# Making the move



## MsKatt (Aug 1, 2017)

Hi there, my partner and our 8 year old daughter are looking to move to Phuket in the next couple of years.
We have made the plan to come next year for 2 months to "live" to make sure it's a move we do actually want to make. Because all previous stays have been in resorts and we are well aware that resort life isn't real life!
Does anyone know of or have a minimum 2 bedroom condo/apartment/house that would be able to be rented by us for the months of June and July 2018 that doesn't cost a small fortune or the soul of my first born?
Also wondering about schools, do many of you have kids in school in Thailand and if so which schools are good and what have your experiences been like? I'd like to arrange to visit a few when we visit next year.
Having a child the age that I do I'd be really keen to make contact with parents with kids of a similar age to pick their brains about having a child in Thailand!

Thanks so much!


----------



## Oracle58 (Aug 2, 2017)

Hope you have deep pockets.You will need an International school. IF you can find one that has a vacancy and IF you can meet Term fees etc that as a "farang" will make your eyes water. Best of luck you have an uphill battle for a 2 month stay.


----------



## Xynoplas2 (Jan 4, 2017)

Many hotels in Thailand offer monthly rates that won't tear a hole in your pocket. Check the usual tourist sites like Trip Advisor.
I've never been to Phuket, but I understand that there's not much there beyond the tourism industry.


----------



## max1984 (Jul 19, 2017)

Hi,

I advise you to check on internet you will find some great website.

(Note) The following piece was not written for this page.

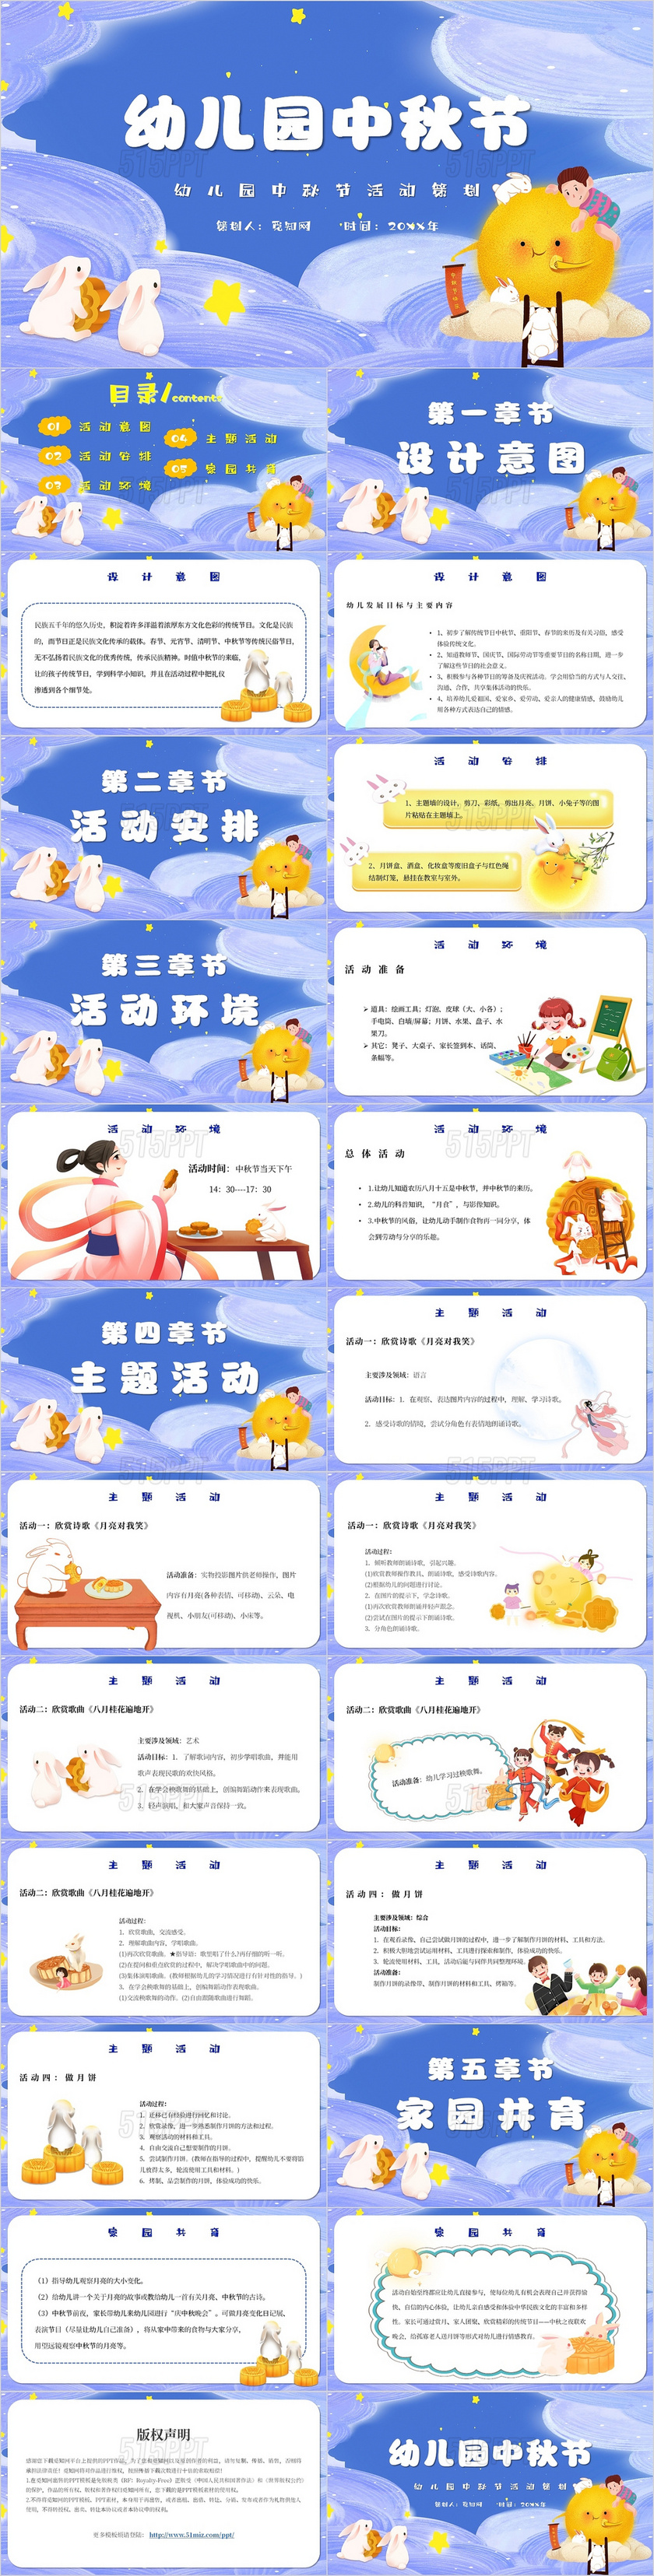 蓝色卡通幼儿园中秋节活动策划主题PPT模板

I found DDproperty for example which is one of the most real estate website. You may find what you are looking for on here.

Wish you all the best with your move in Thailand. My parents and i are moving to soon.

Cheers,

Max


----------



## Thai Bigfoot (Aug 29, 2009)

I retired to Phuket in 2009. I taught in a private school for 3 years. 
You won't have any problem finding a rental during the summer, which is low season. And, the bottom has fallen out of the tourism industry the last few years. In Kamala (Phuket), you can get a nice house for β10K-15K without a pool. Get a hotel room for a few nights and use the time to check out the area for rentals.

Most western schools are on a wester schedule, so, other than nursery or day care, they won't be open during the summer.


----------